Supplied data =>
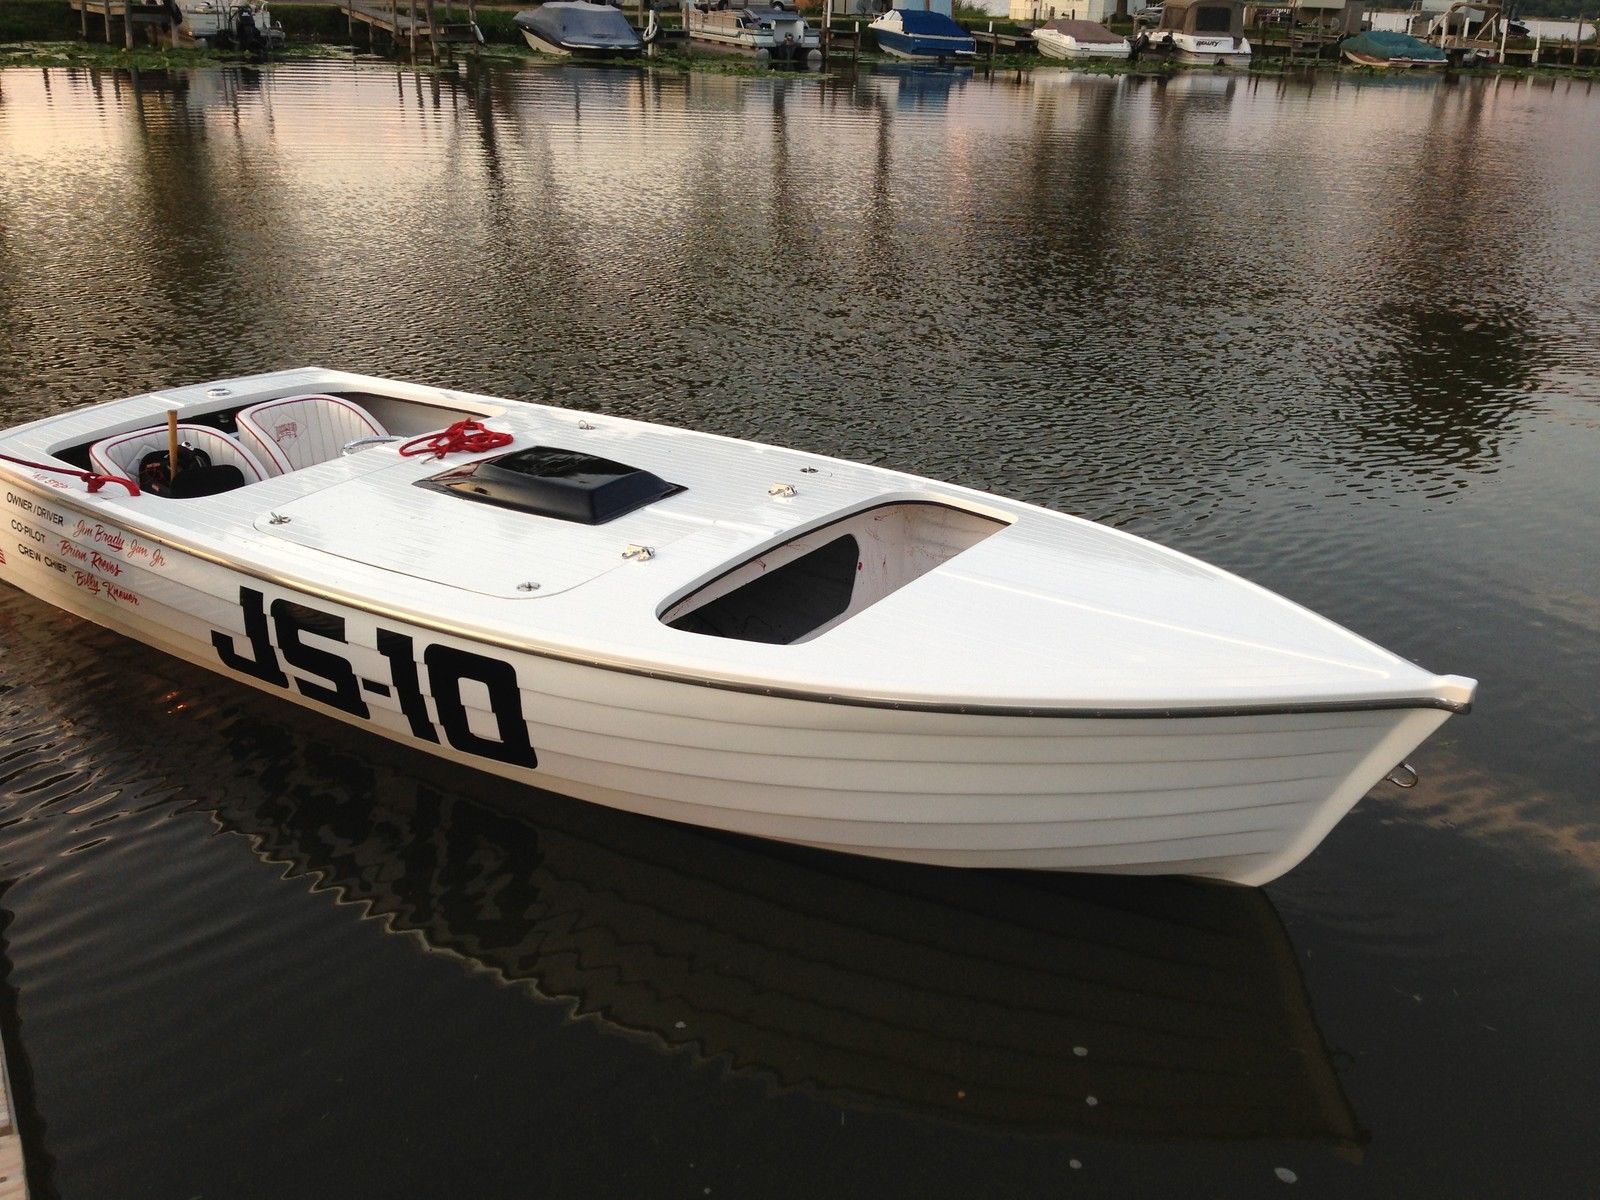 jersey speed skiff js-10 1972 for sale for $13,500 - boats
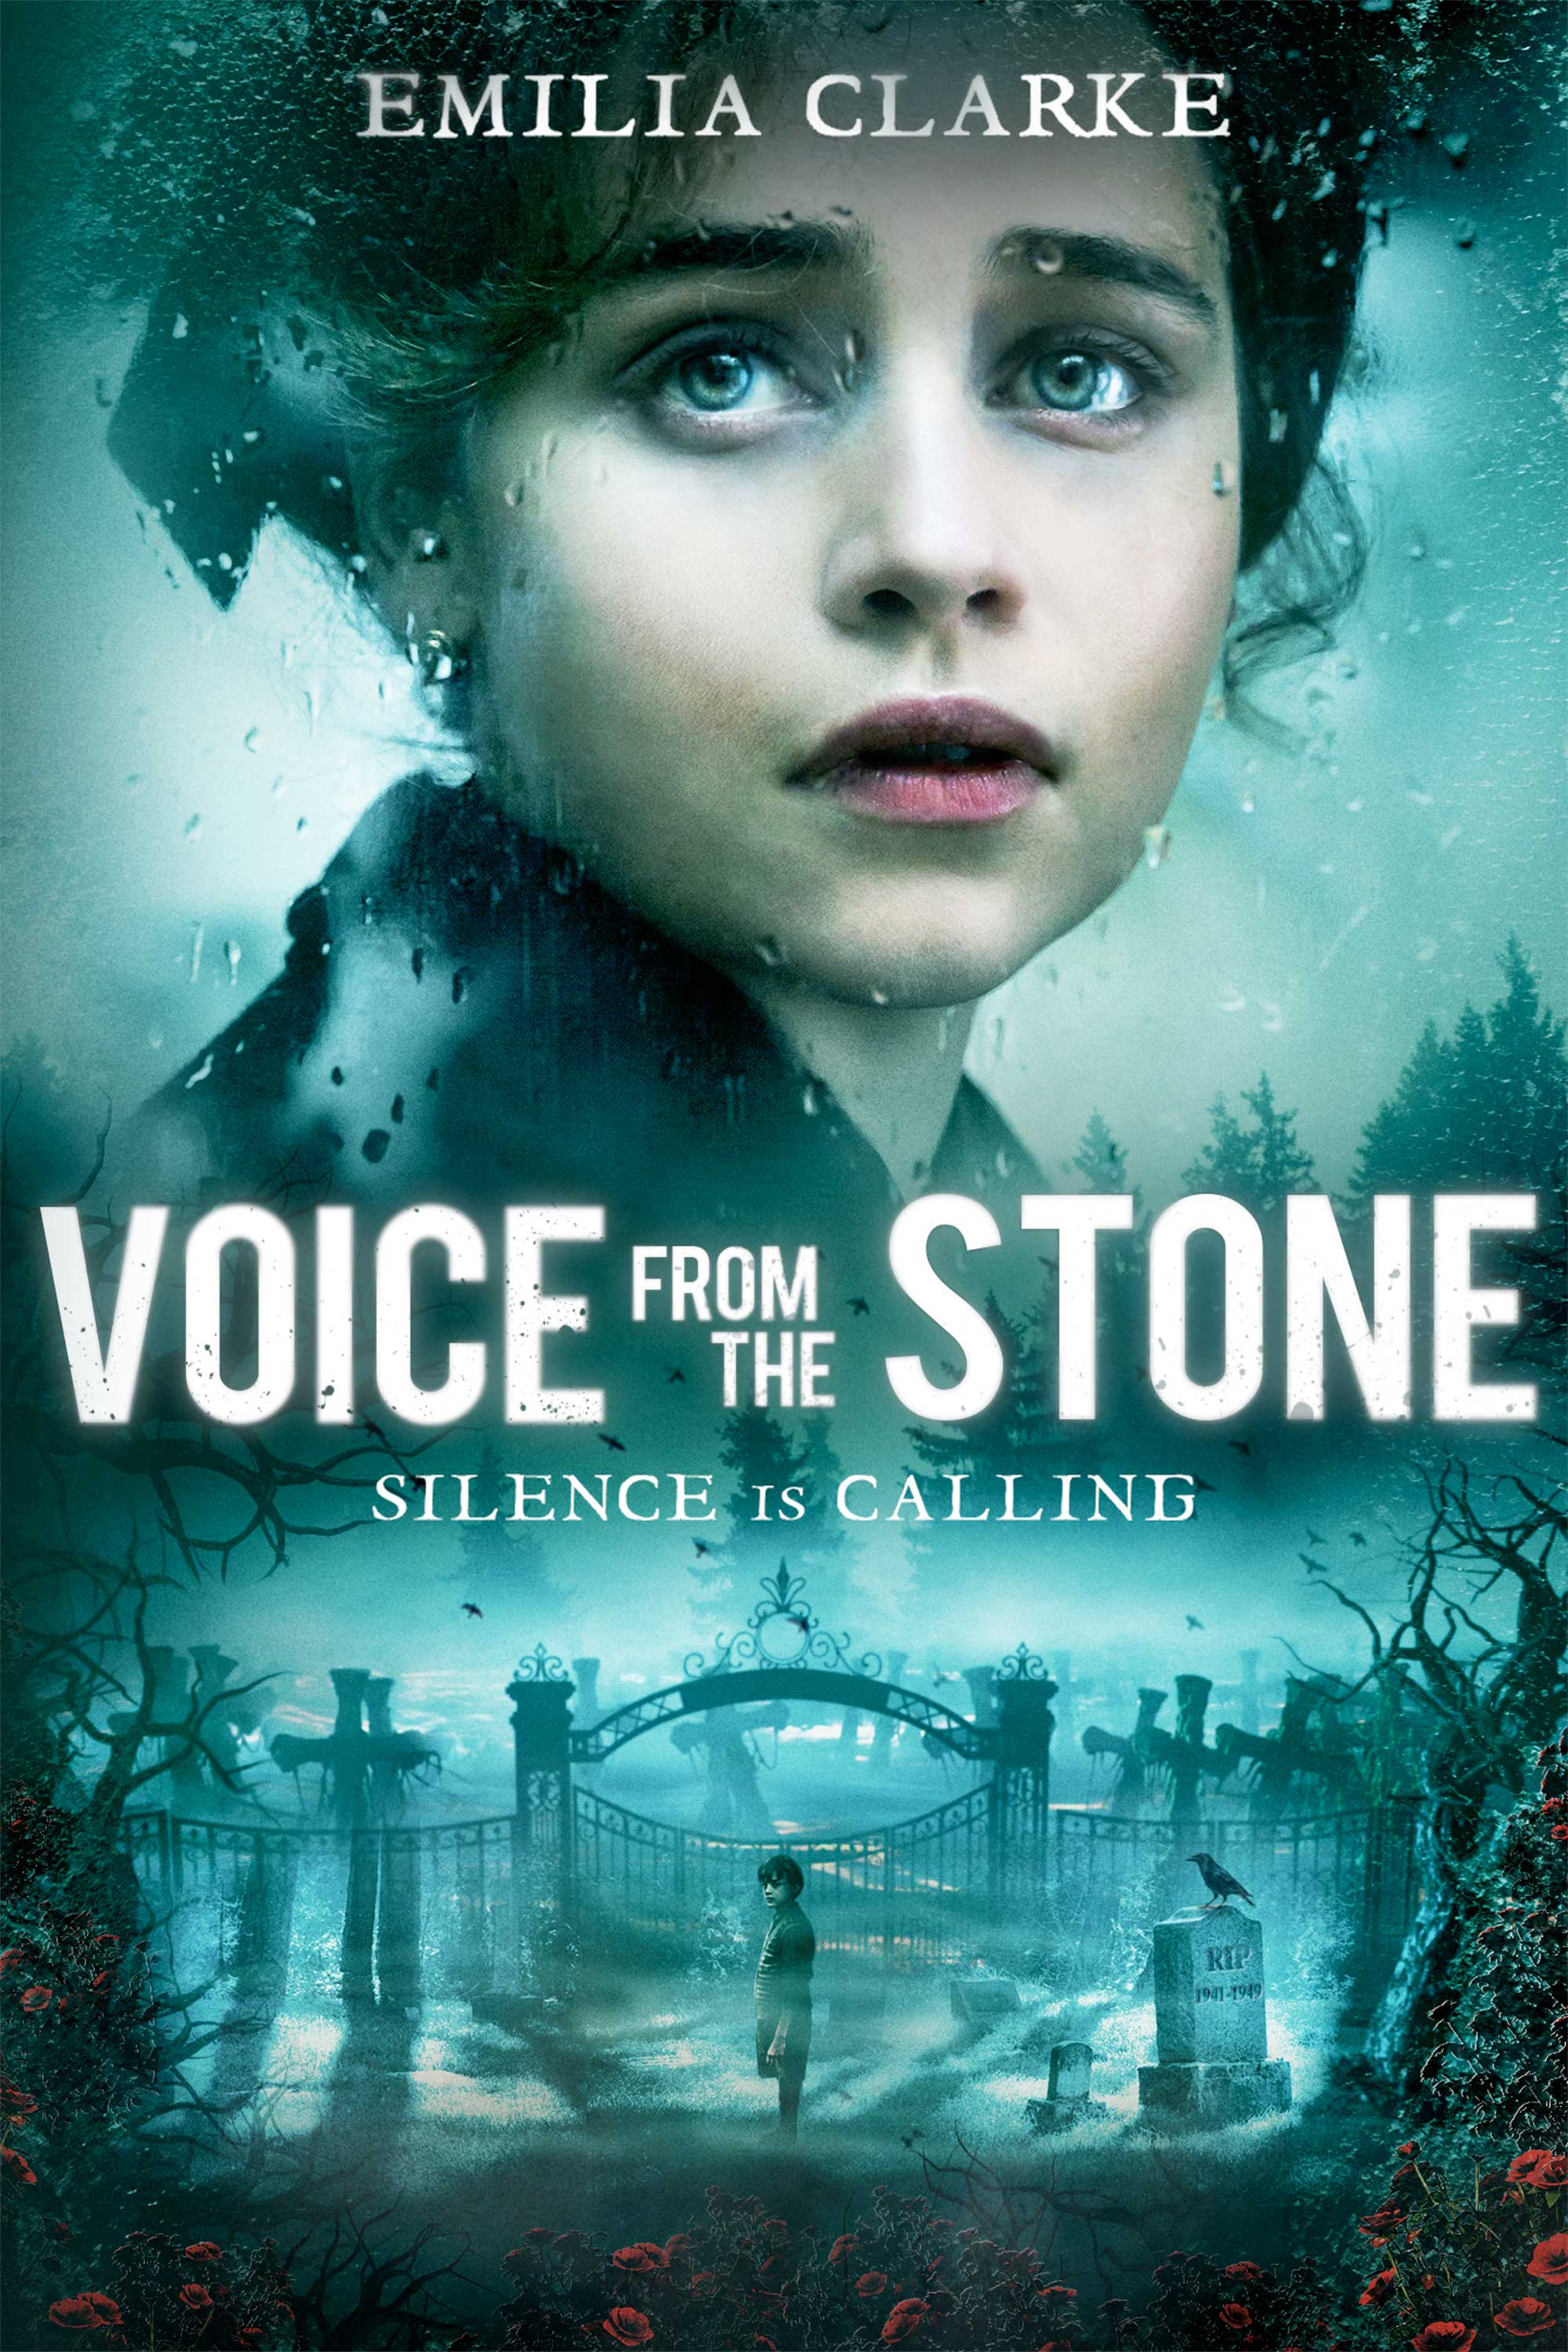 movie review voice from the stone
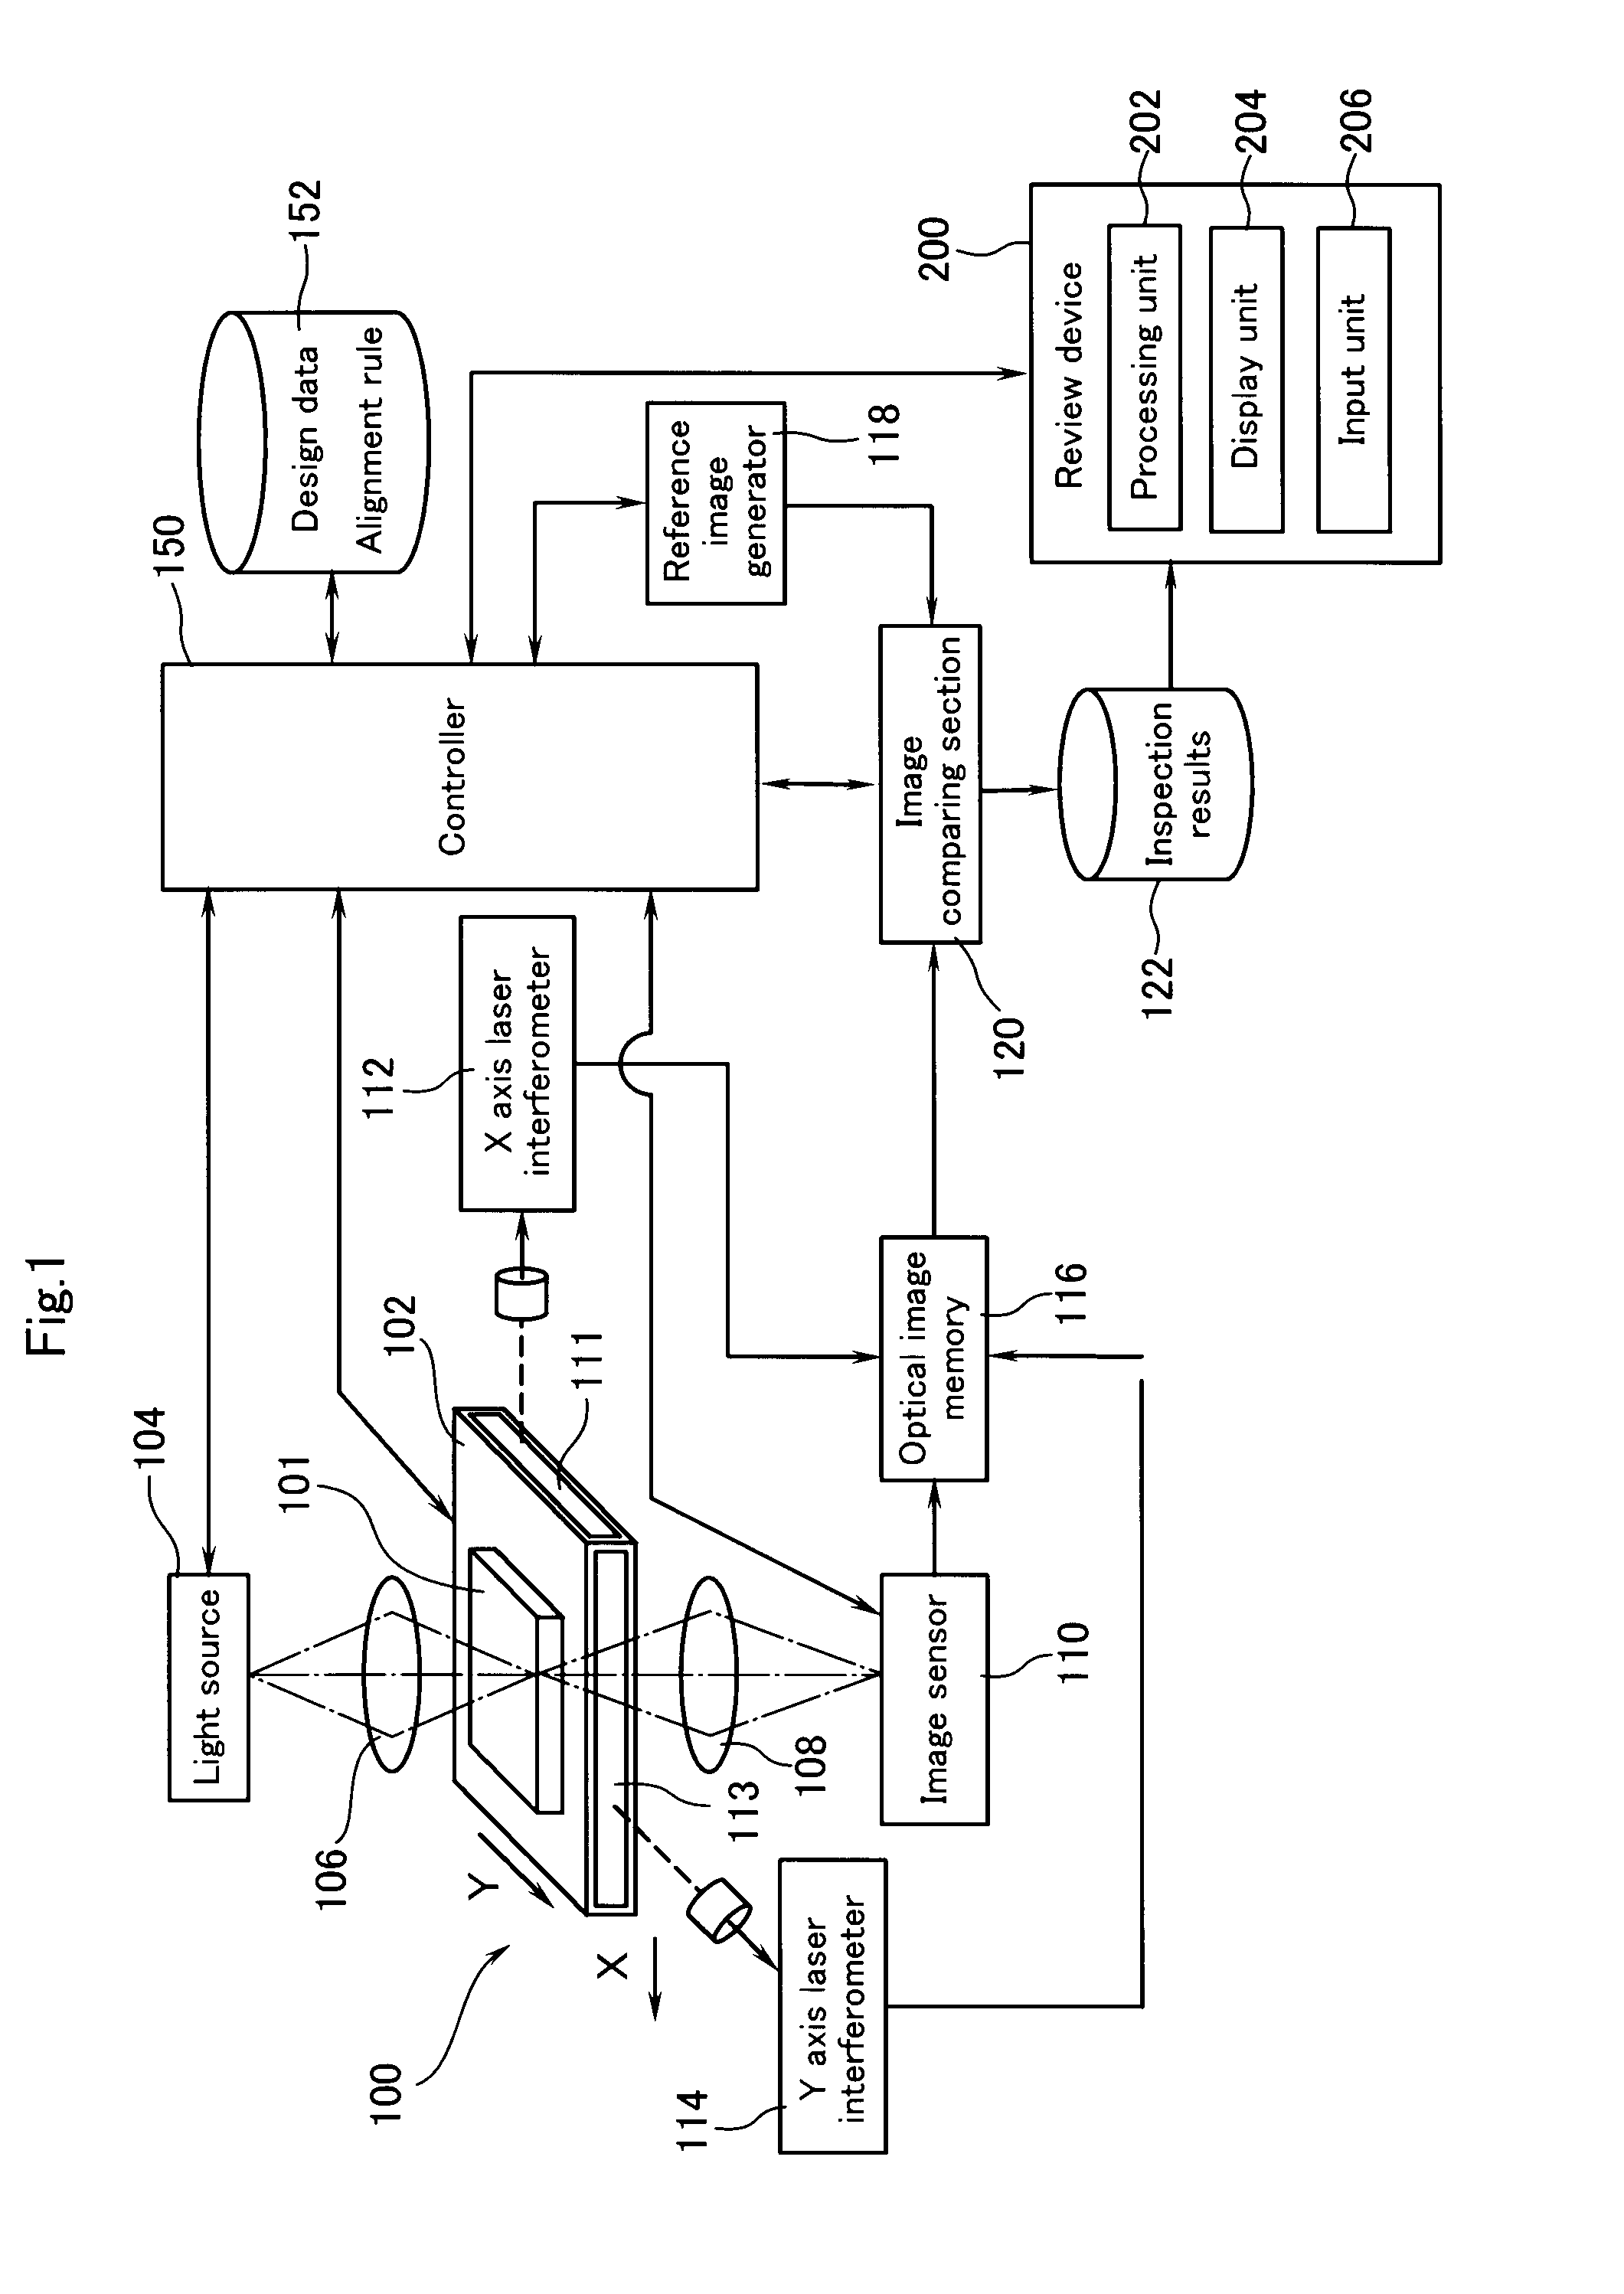 Method and apparatus for reviewing defects on mask

Problem => Where a picture appears in the data, omit it; restate the rest word for word.

Answer section =>
 jersey speed skiff js-10 1972 for sale for $13,500 - boats
 movie review voice from the stone
 Method and apparatus for reviewing defects on mask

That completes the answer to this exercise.